(Given information)

BEGIN

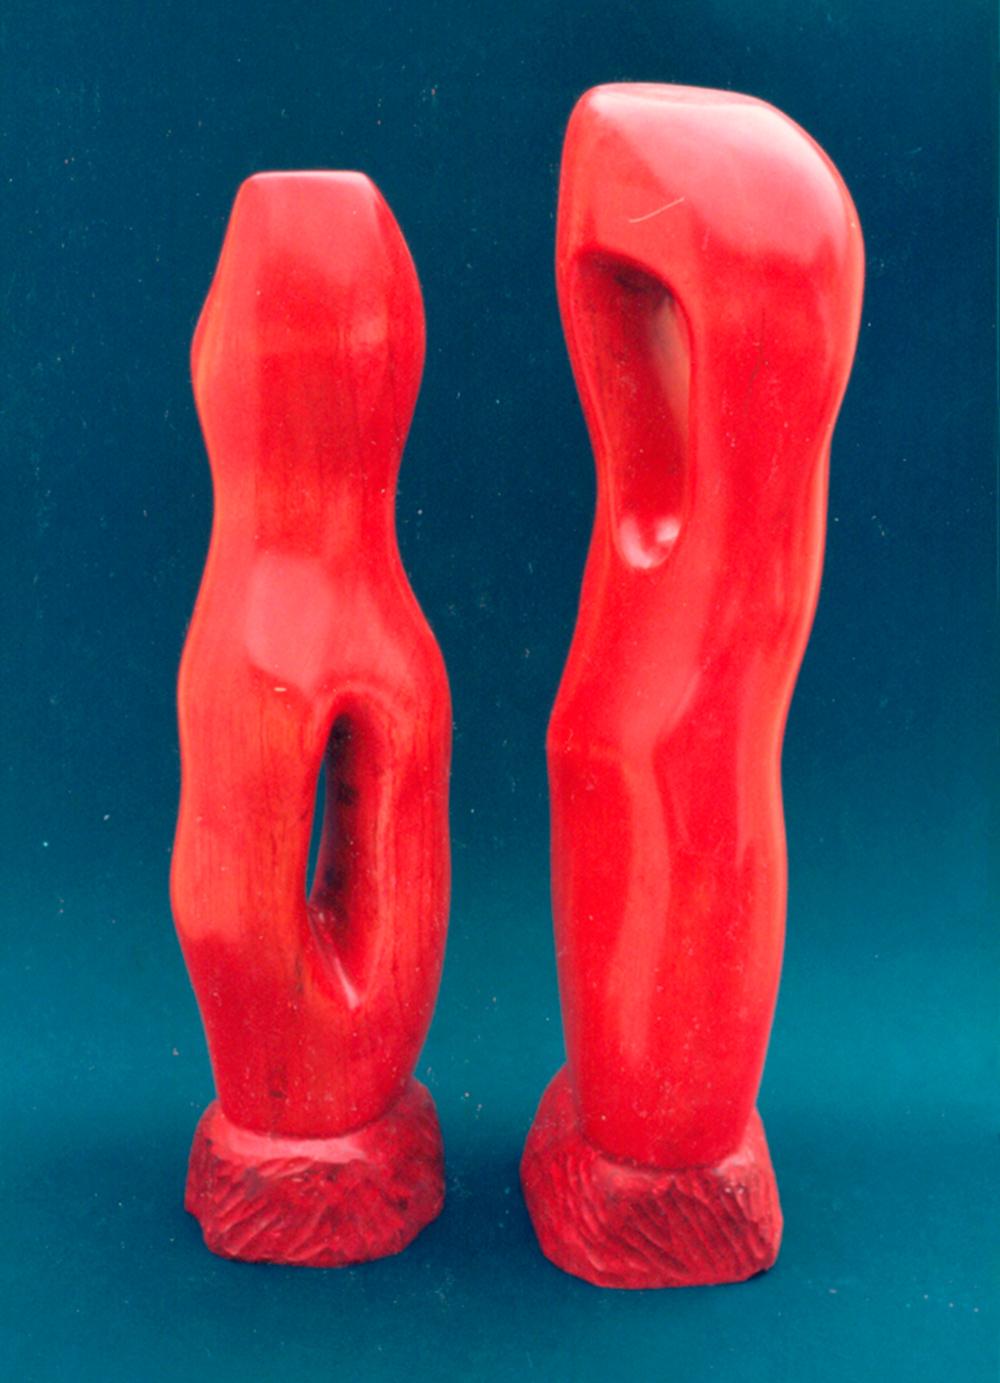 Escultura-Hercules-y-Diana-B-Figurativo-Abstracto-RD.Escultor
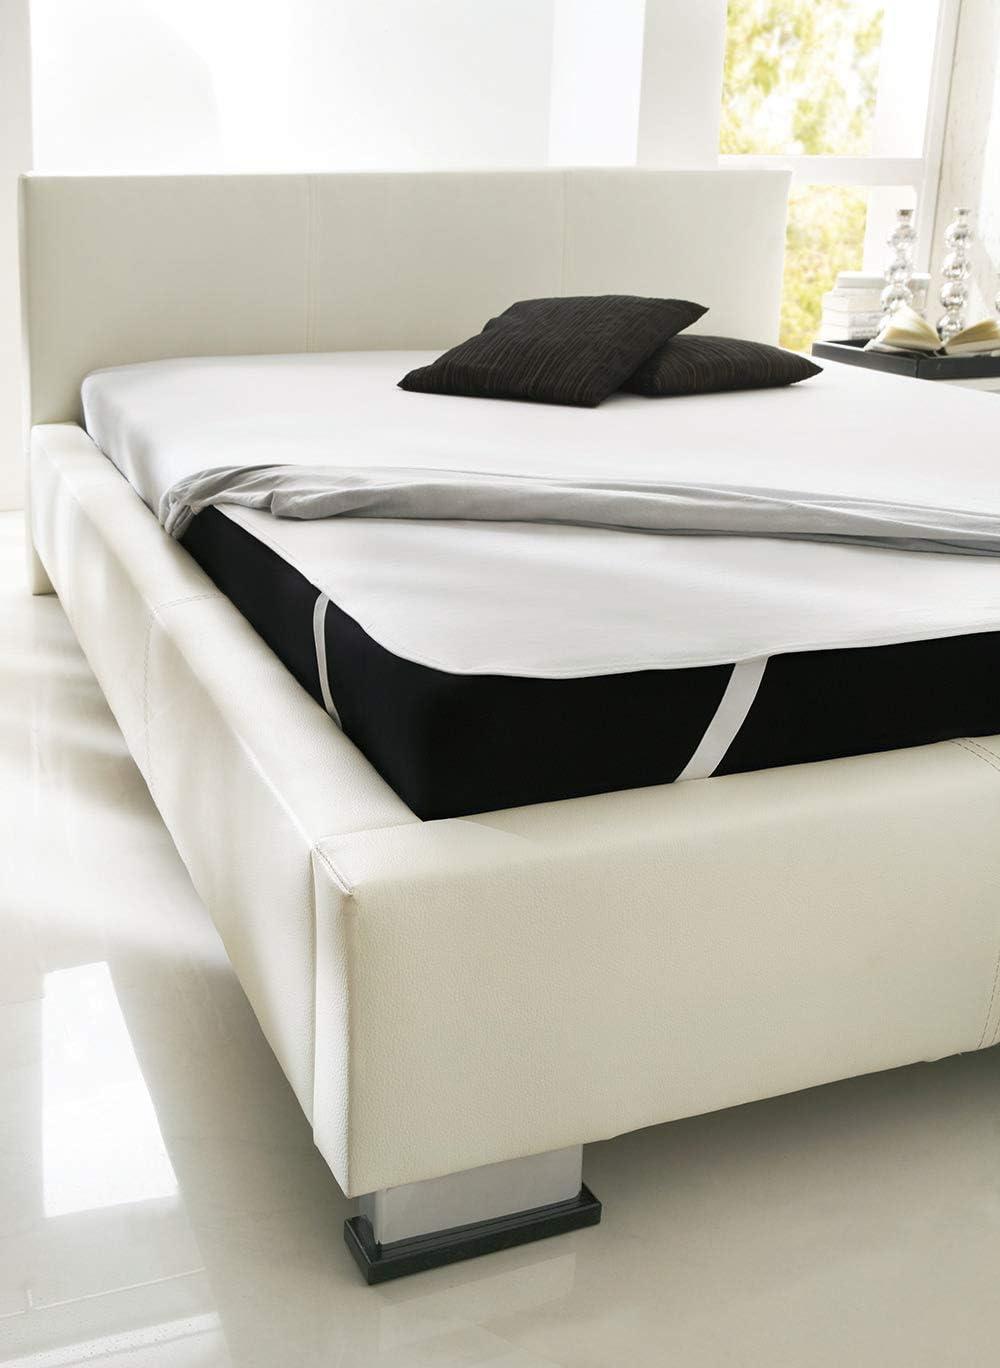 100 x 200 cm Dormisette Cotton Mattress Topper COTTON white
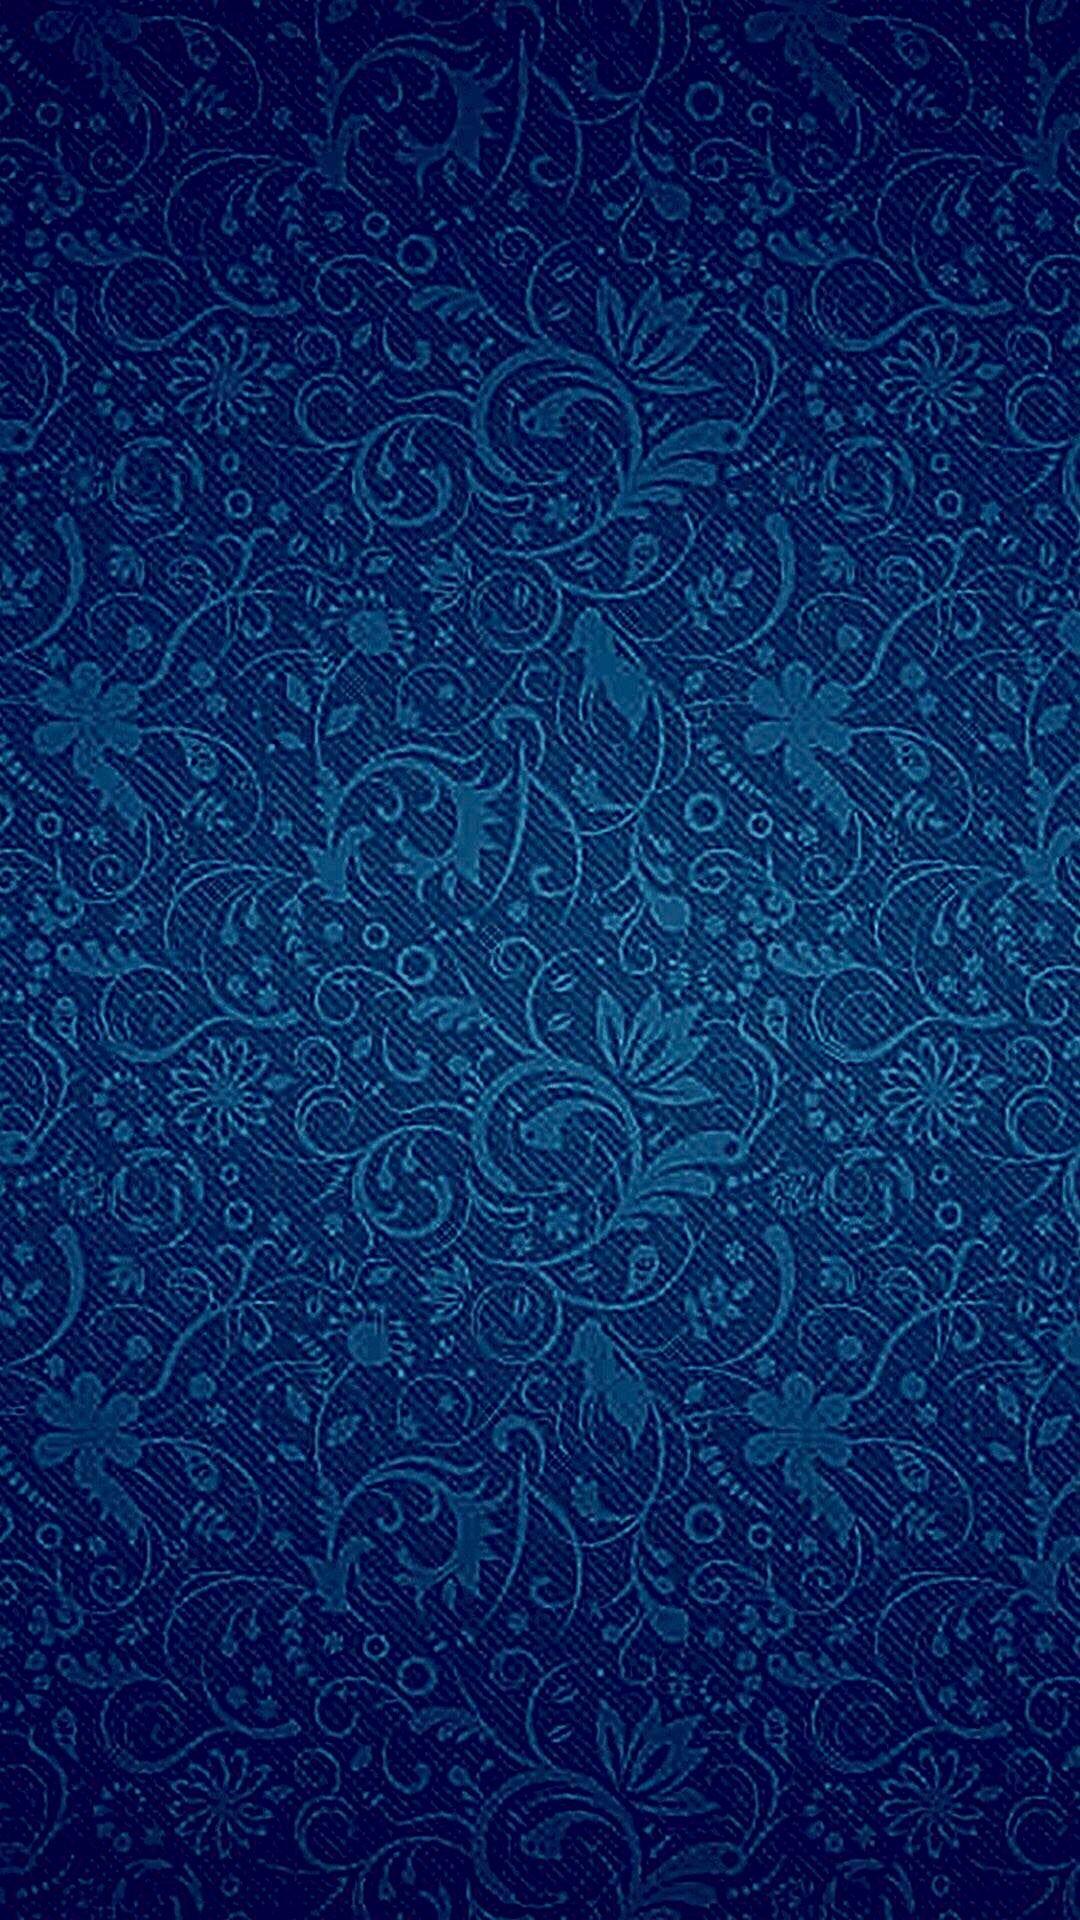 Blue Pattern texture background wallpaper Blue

END

Leave the pictures out. Otherwise, output the listing above exactly.

(Answer)
 Escultura-Hercules-y-Diana-B-Figurativo-Abstracto-RD.Escultor
 100 x 200 cm Dormisette Cotton Mattress Topper COTTON white
 Blue Pattern texture background wallpaper Blue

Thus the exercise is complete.